• **Dataset excerpt**:

┏━━

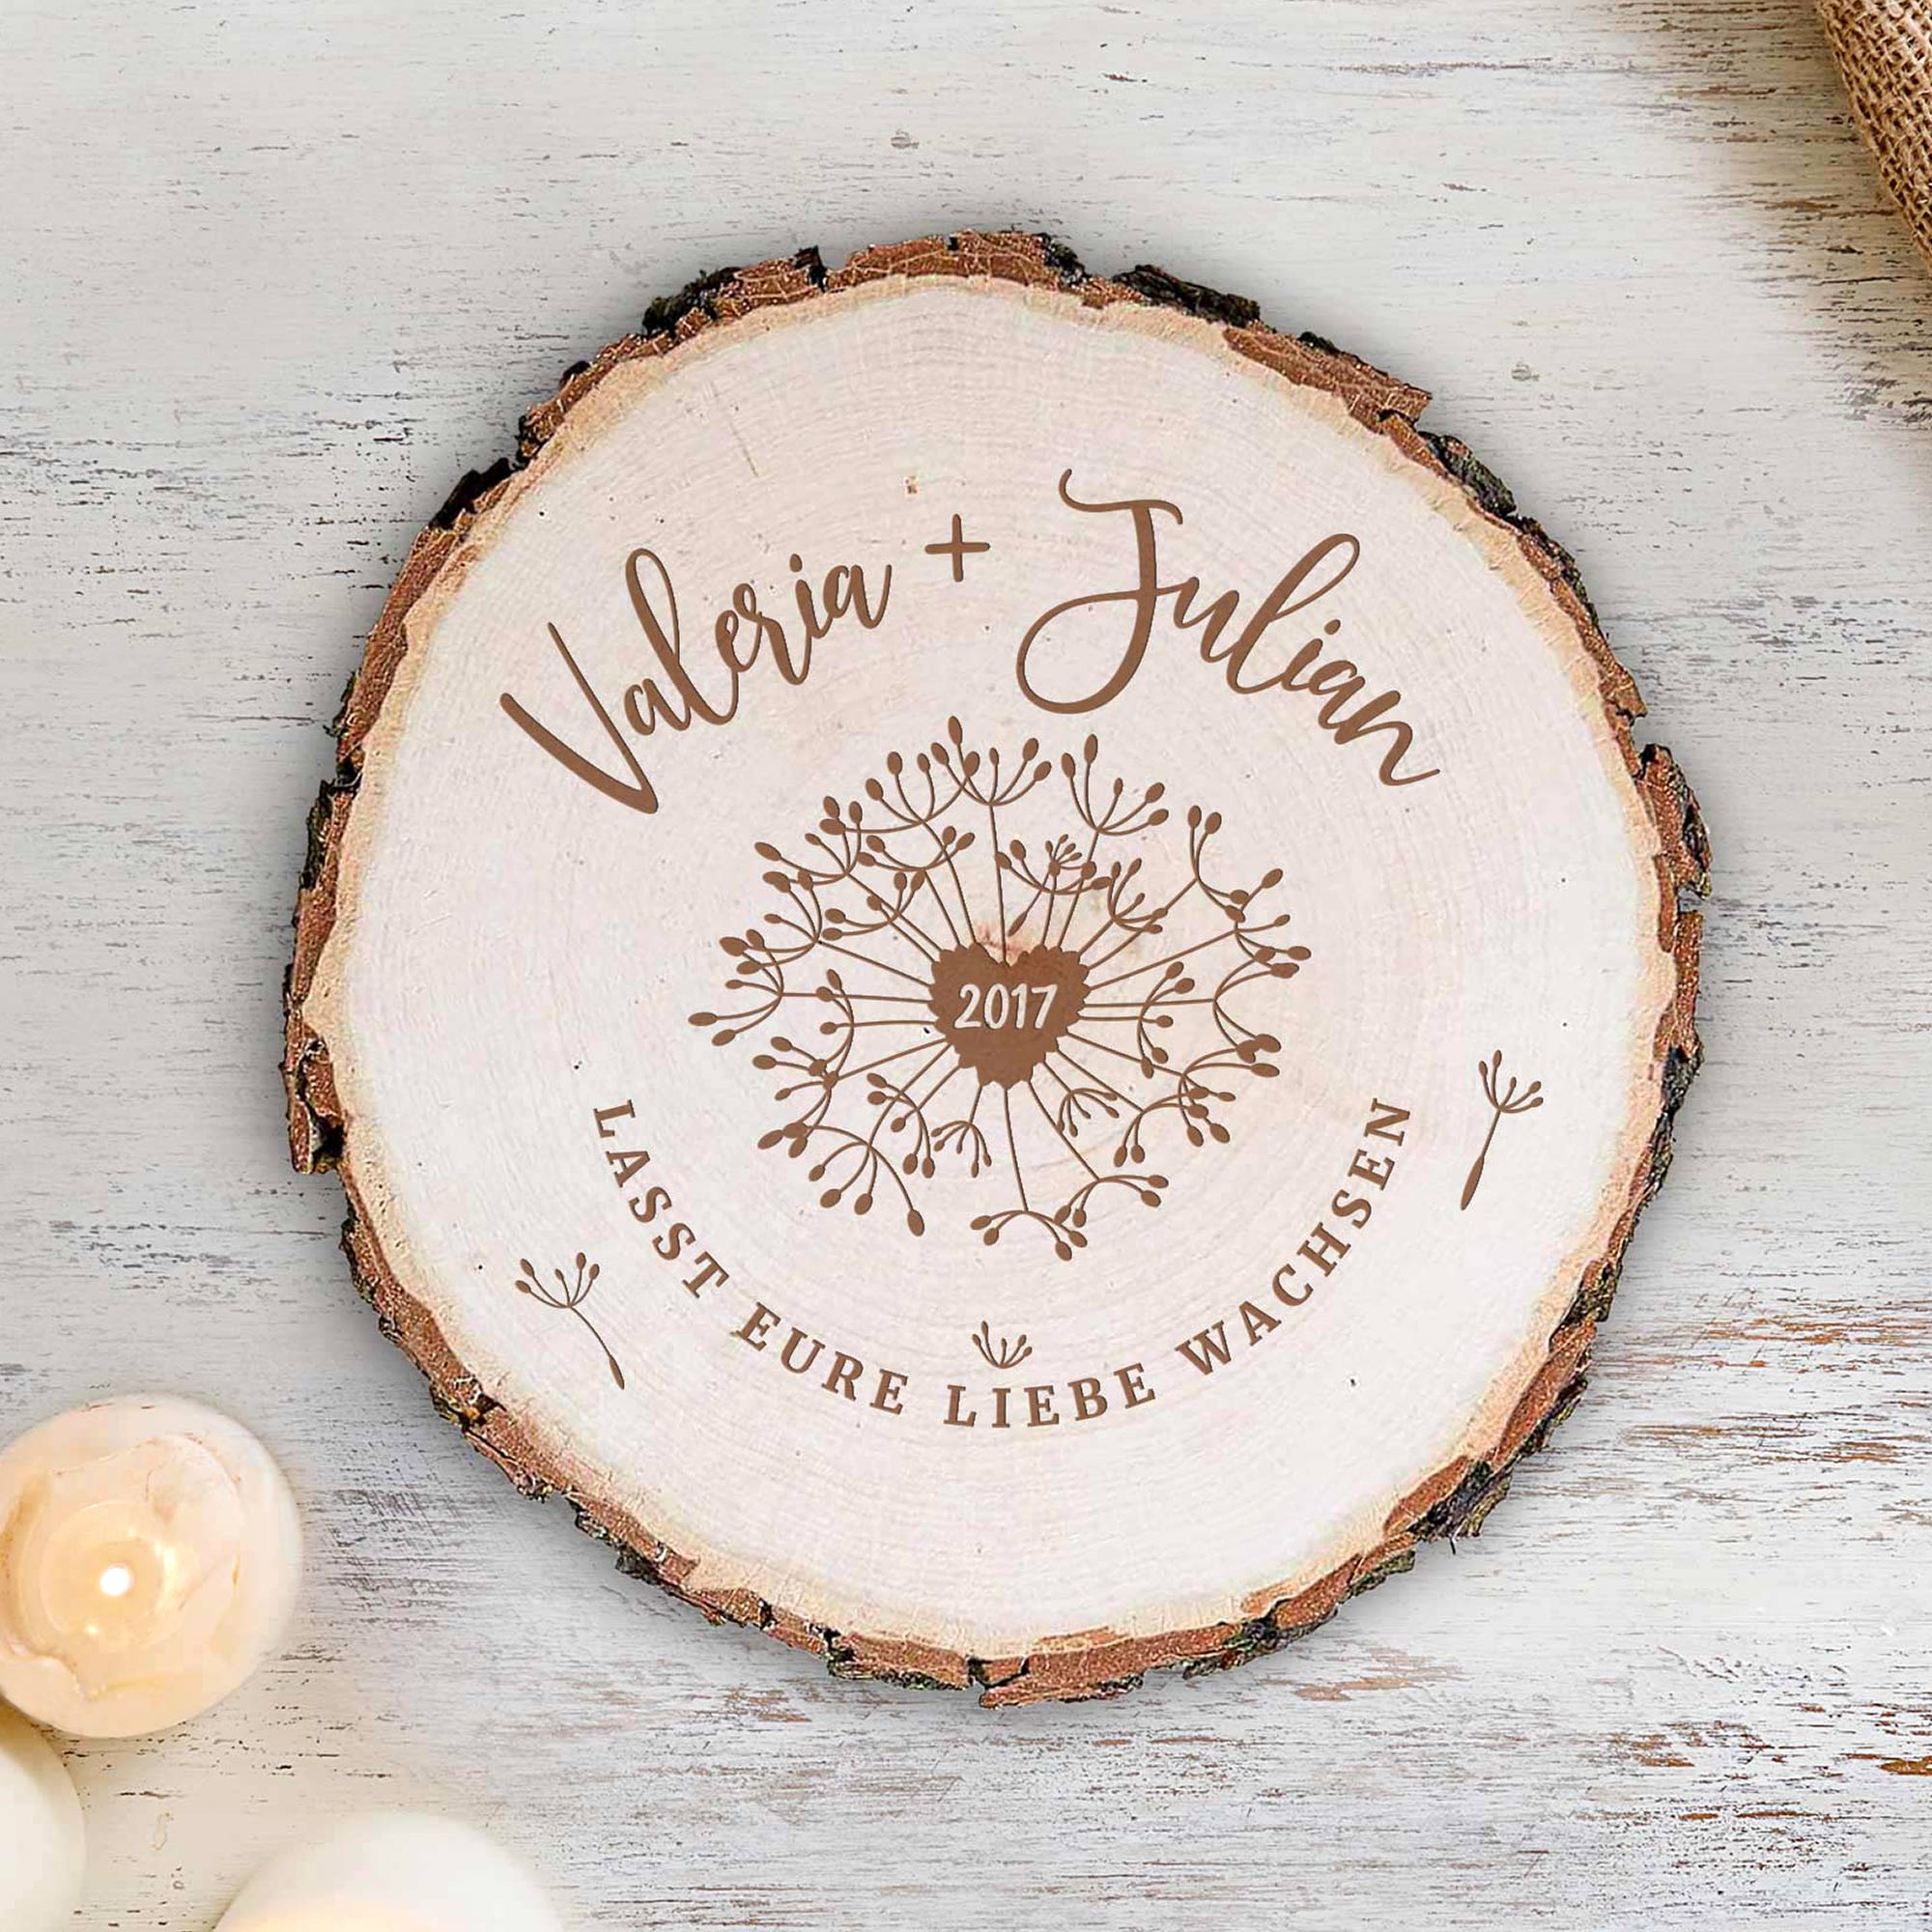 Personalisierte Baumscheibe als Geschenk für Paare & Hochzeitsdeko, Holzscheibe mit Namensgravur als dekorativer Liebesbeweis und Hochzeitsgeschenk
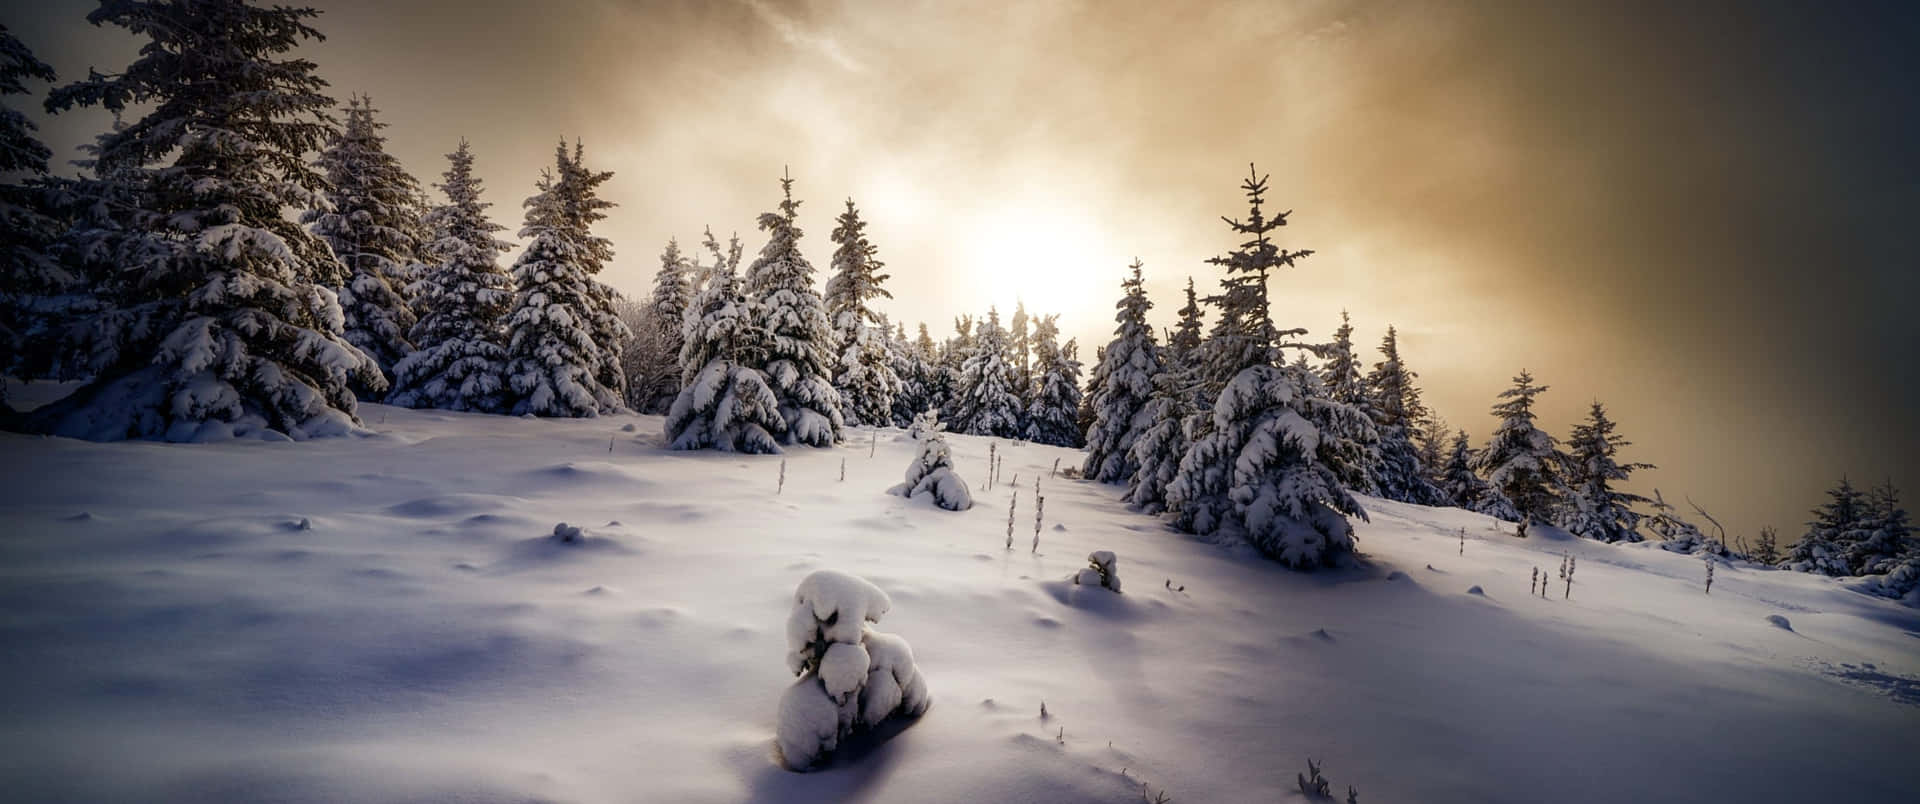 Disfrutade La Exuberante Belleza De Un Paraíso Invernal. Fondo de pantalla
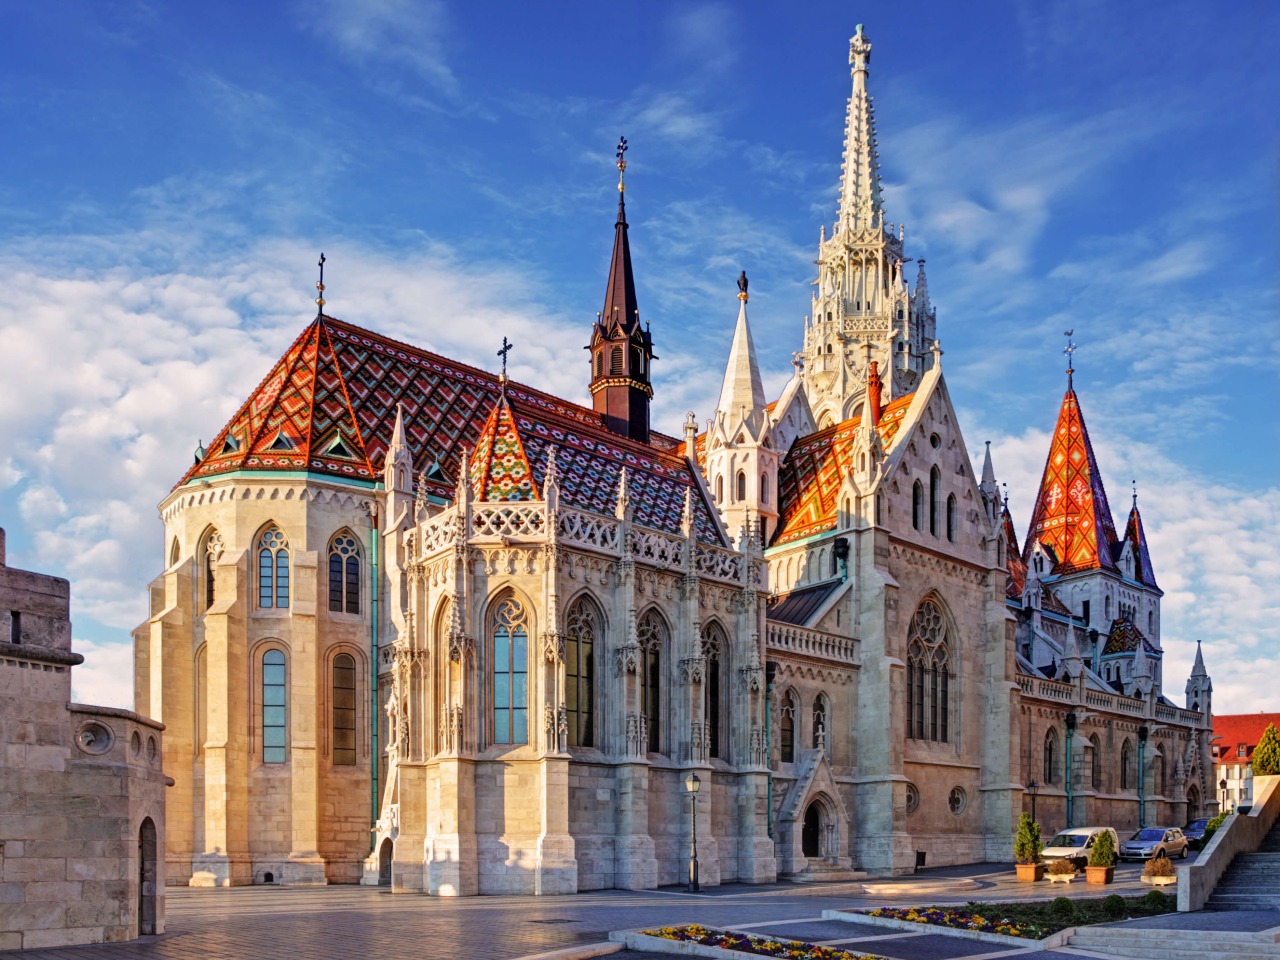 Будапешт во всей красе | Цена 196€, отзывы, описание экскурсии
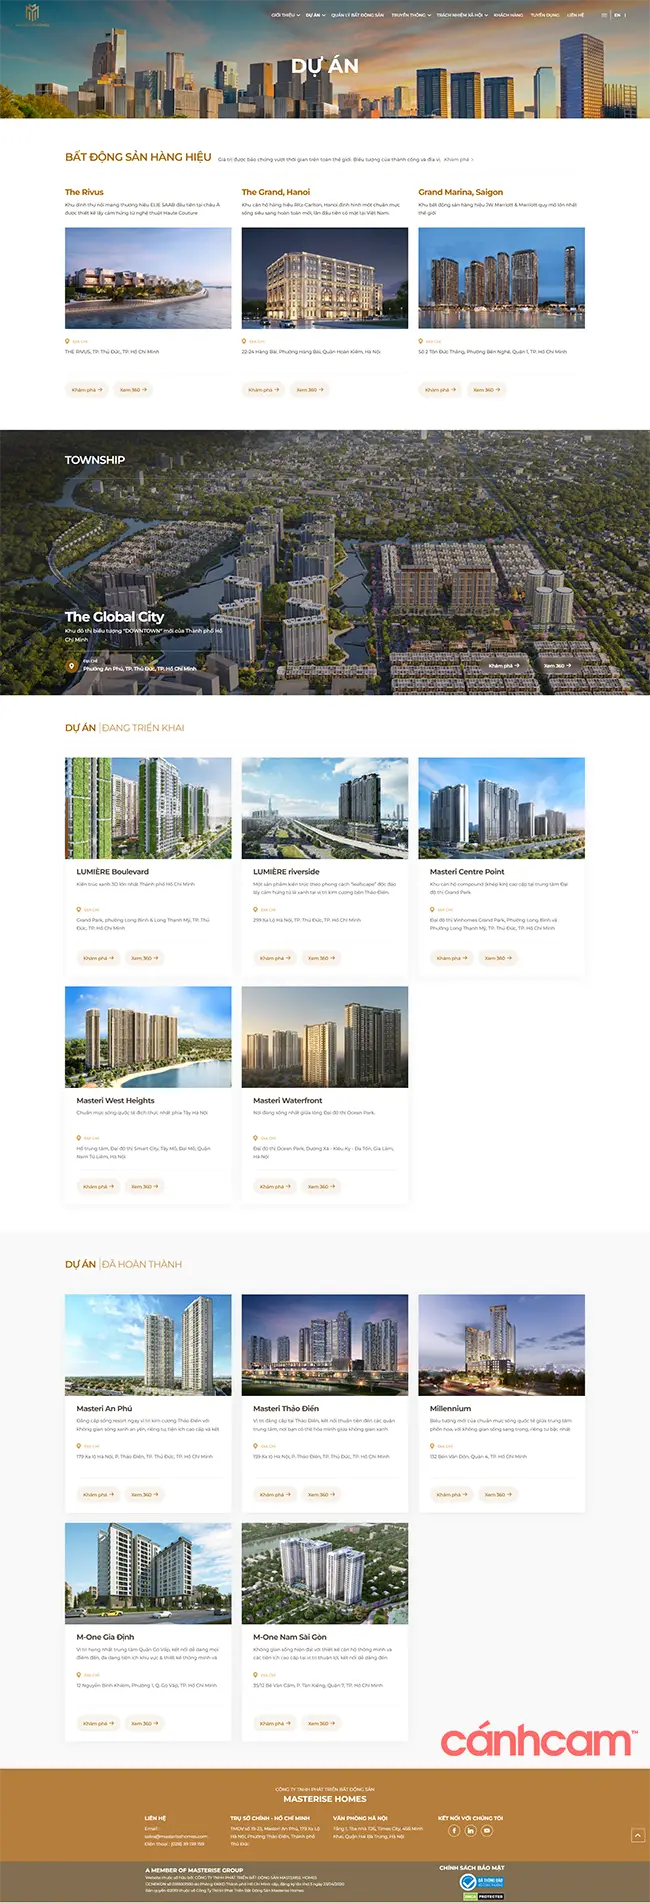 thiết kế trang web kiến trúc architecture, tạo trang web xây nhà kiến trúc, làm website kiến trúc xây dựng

┗━━

Your copy should match the listing exactly, apart from the pictures it leaves out.

 Personalisierte Baumscheibe als Geschenk für Paare & Hochzeitsdeko, Holzscheibe mit Namensgravur als dekorativer Liebesbeweis und Hochzeitsgeschenk
 Disfrutade La Exuberante Belleza De Un Paraíso Invernal. Fondo de pantalla
 Будапешт во всей красе | Цена 196€, отзывы, описание экскурсии
 thiết kế trang web kiến trúc architecture, tạo trang web xây nhà kiến trúc, làm website kiến trúc xây dựng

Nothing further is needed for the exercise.